It is, however, not simply the case that the definition of network firm also includes some entities that would be part of the firm according to that definition. This is because the definition of network firm itself uses the word ‘firm’. It is important to analyse whether the word ’firm’ in the definition of network firm includes or excludes the entities that would reasonably be included.
If the word ’firm’ in the definition of network firm is intended to take a narrow meaning of the word ‘firm’ in the definition of firm (as it is used in order to test whether entities that control it or are controlled by it are also included in the definition of firm), this should be contrasted with the wider meaning of the word ’firm’ after such controlling or controlled entities have in effect been consolidated.
Under the narrow interpretation, a controlling entity would be included within the definition of network firm. The controlling entity would also be included within the definition of firm. Consequently, in such circumstances, network firm will include firm.

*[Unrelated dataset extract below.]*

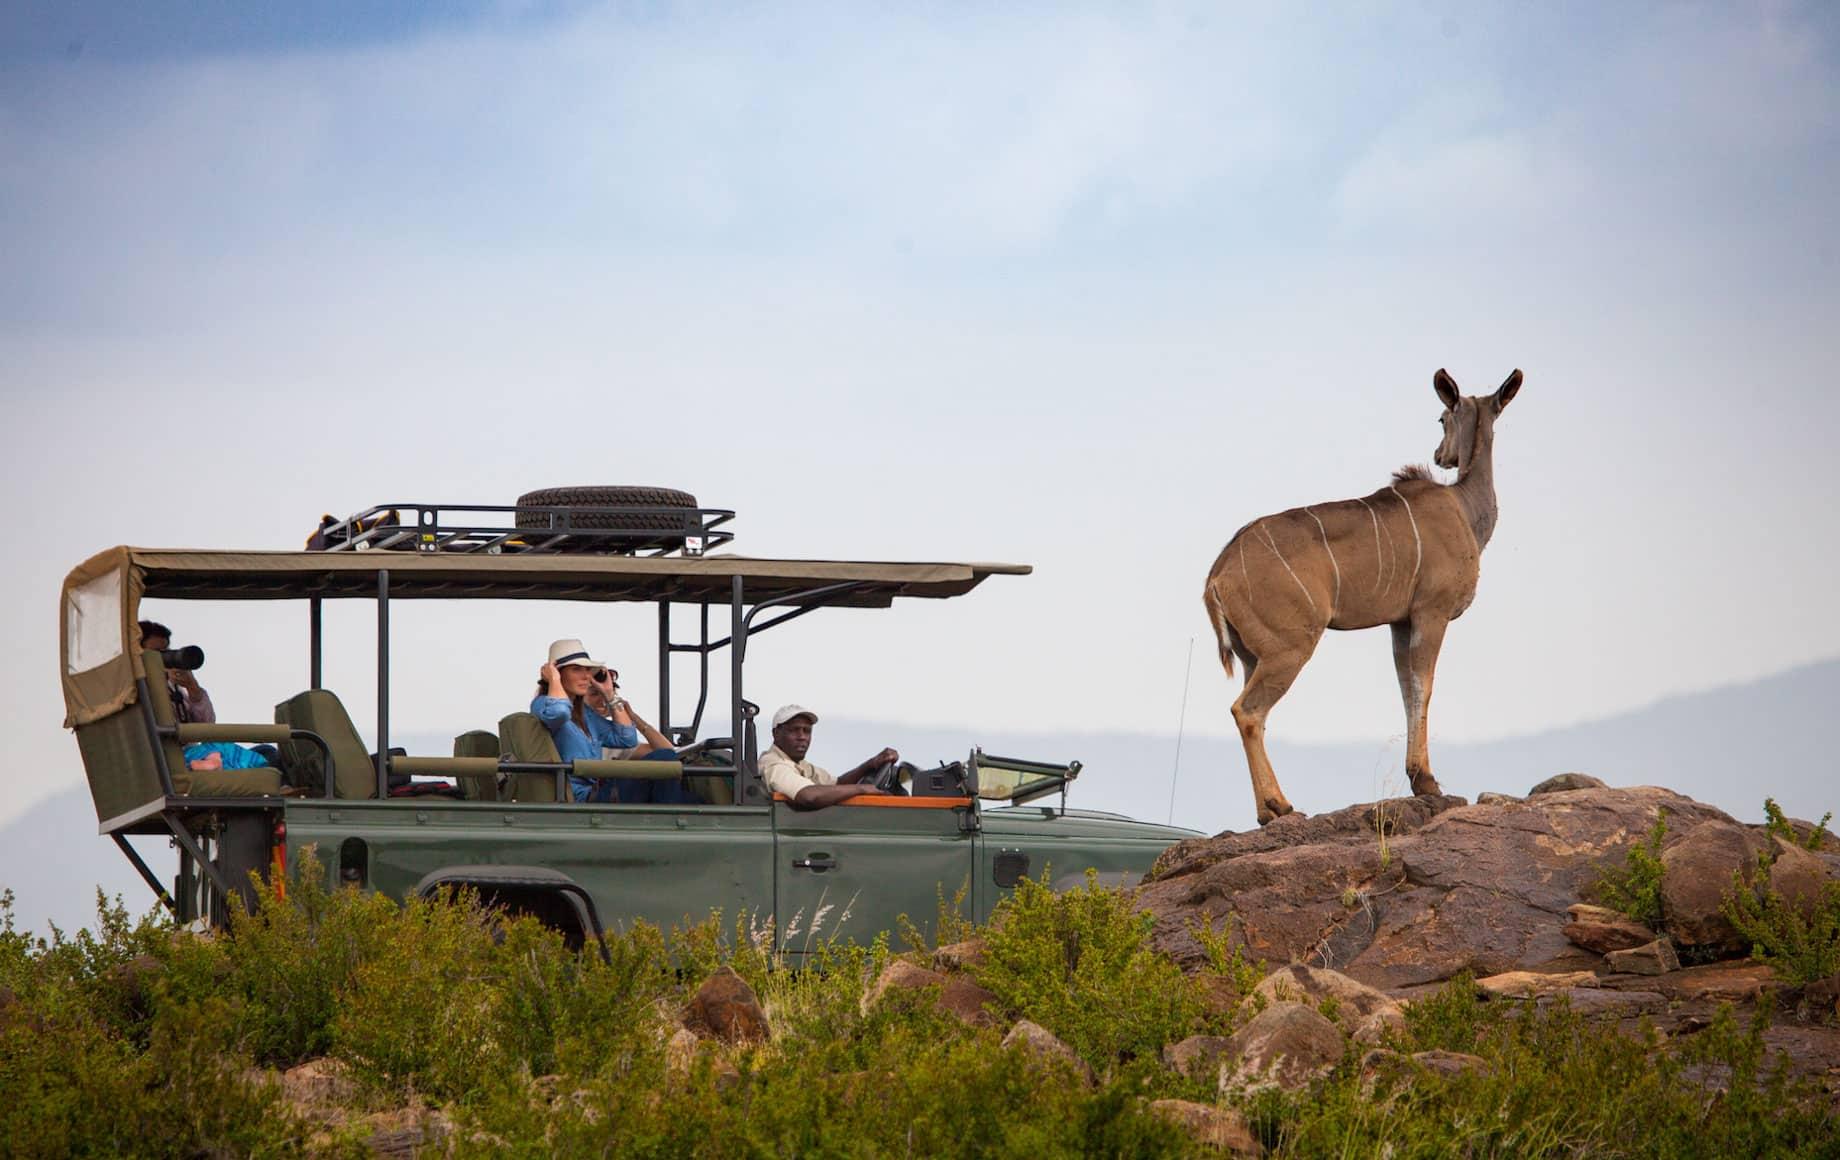 Safari-goers see African deer at Loisaba Conservancy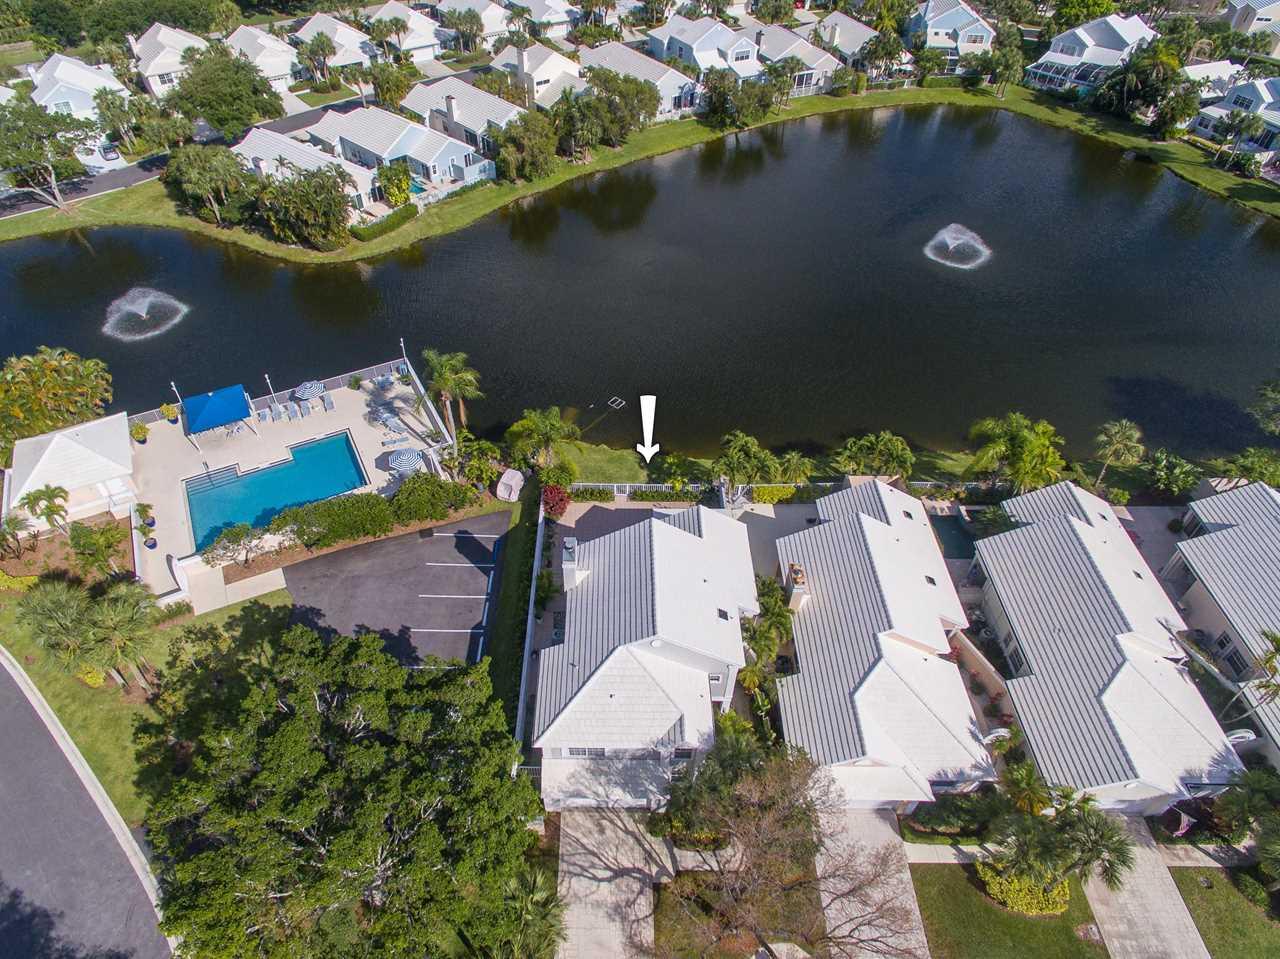 62 Dorchester Circle Palm Beach Gardens, FL 33418 | MLS RX-10513114 Photo 1

Under the wider interpretation, the inclusion of controlling or controlled
entities in the definition of firm removes the need for the wording in part
(b) of the definition as it is not logically possible for there to be controlling
or controlled entities that are different, (this follows irrespective of whether
one considers the narrow or wider interpretation). Had the definition of firm
included some limitation on the proximity of control, such that control had
to be direct rather than indirect, this might not have been the case.
It is tempting to suggest, therefore, that part (b) of the proposed definition
is incorrect. The wording is redundant where a wider interpretation of firm
is appropriate and inadvisable where the narrower interpretation applies, as
an entity should not be both part of the firm and network firm simultaneously;
this is because, section 290 requires a different independence provisions to
be applied to network firms.
International harmonisation
We believe the proposed revision to the definition of network firm should be
aligned to the definition in the draft European 8th Directive.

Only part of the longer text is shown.